TO DO
Repeat the listing word for word. No pictures belong in the copy.

THE DATA
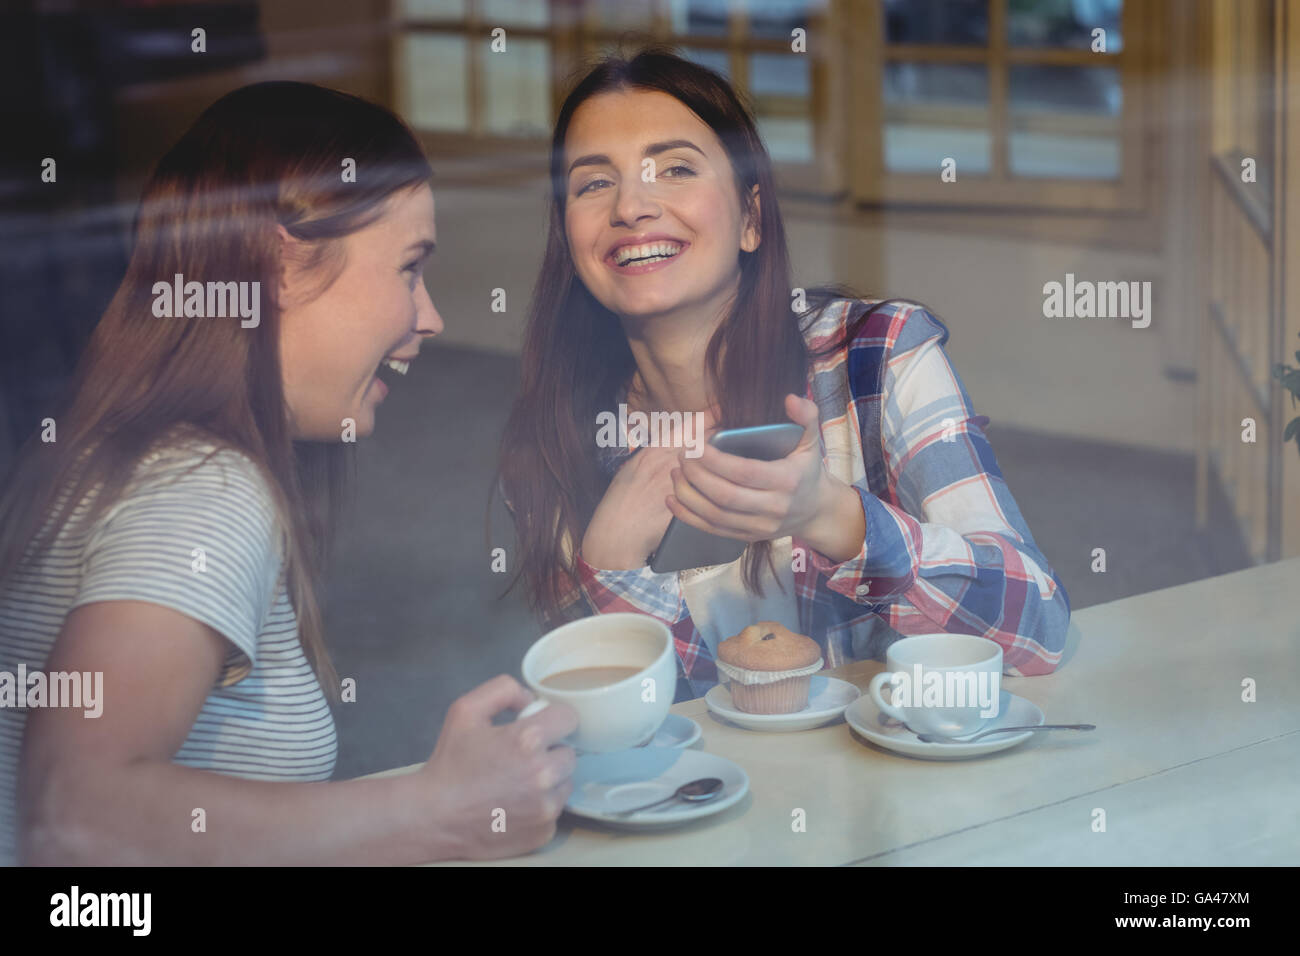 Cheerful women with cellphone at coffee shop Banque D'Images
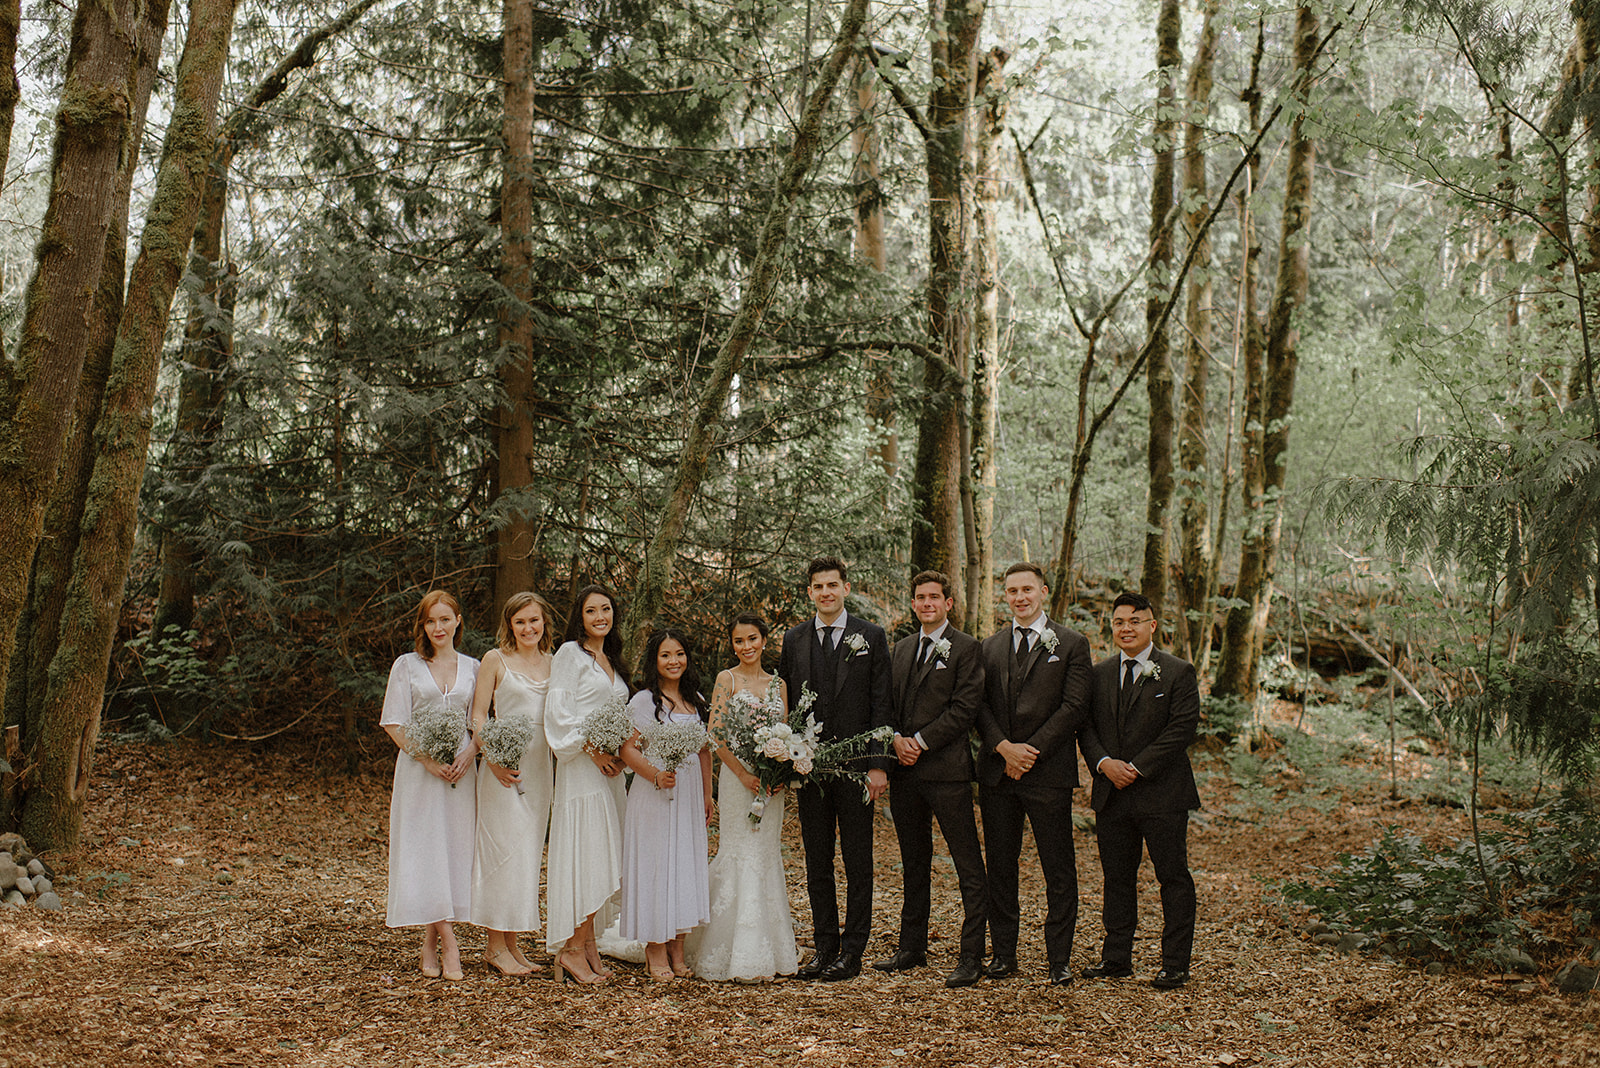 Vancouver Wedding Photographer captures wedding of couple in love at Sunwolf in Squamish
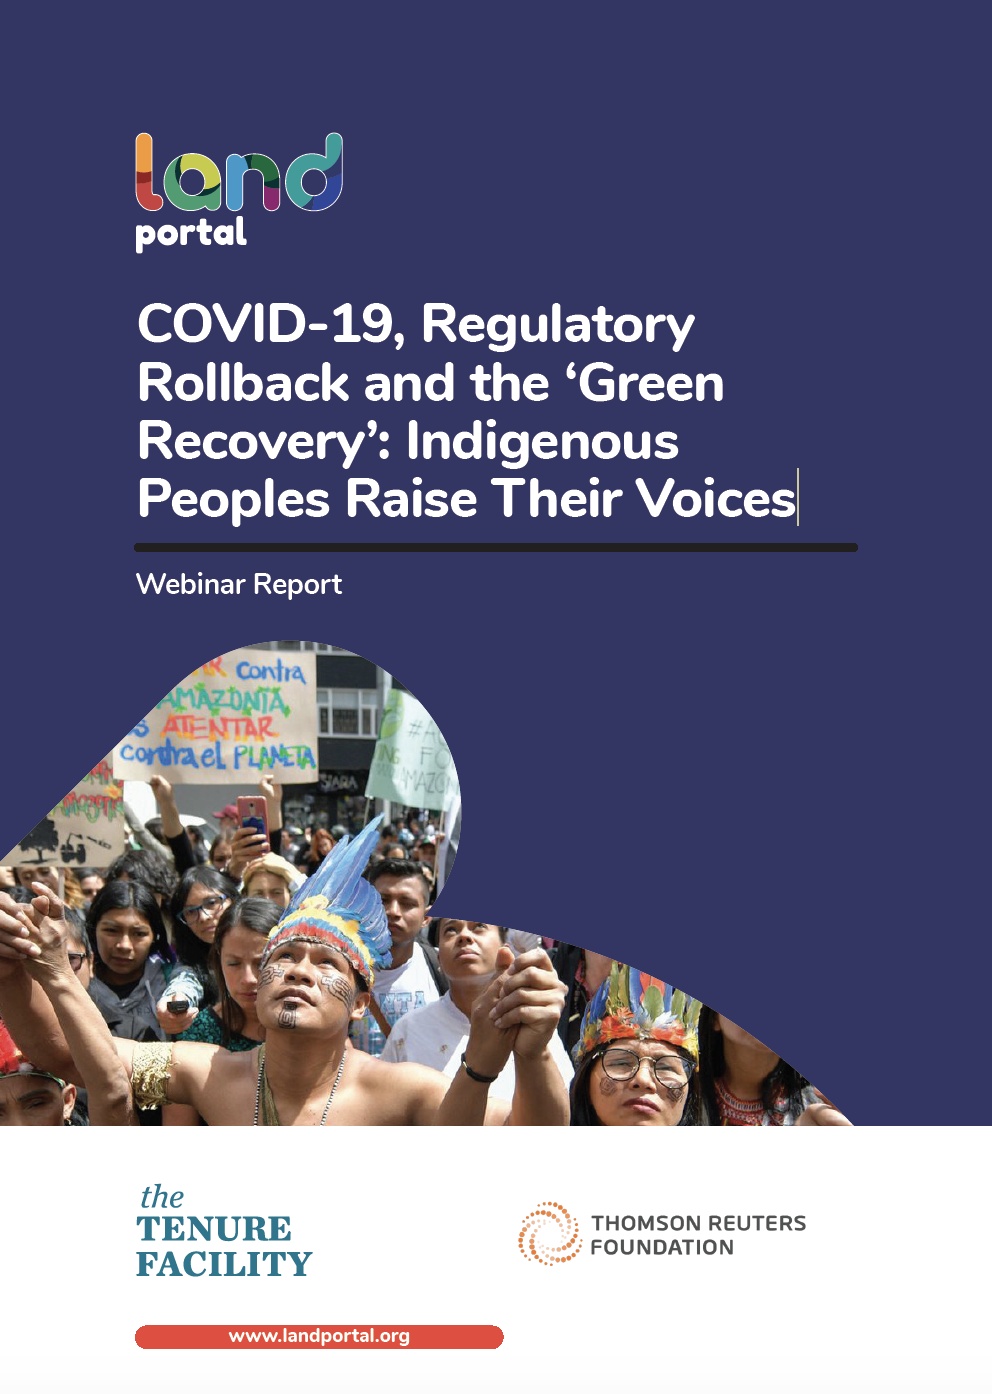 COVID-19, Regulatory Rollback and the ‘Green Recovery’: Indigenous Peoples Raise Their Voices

WRITTEN ANSWER
 Cheerful women with cellphone at coffee shop Banque D'Images
 Vancouver Wedding Photographer captures wedding of couple in love at Sunwolf in Squamish
 COVID-19, Regulatory Rollback and the ‘Green Recovery’: Indigenous Peoples Raise Their Voices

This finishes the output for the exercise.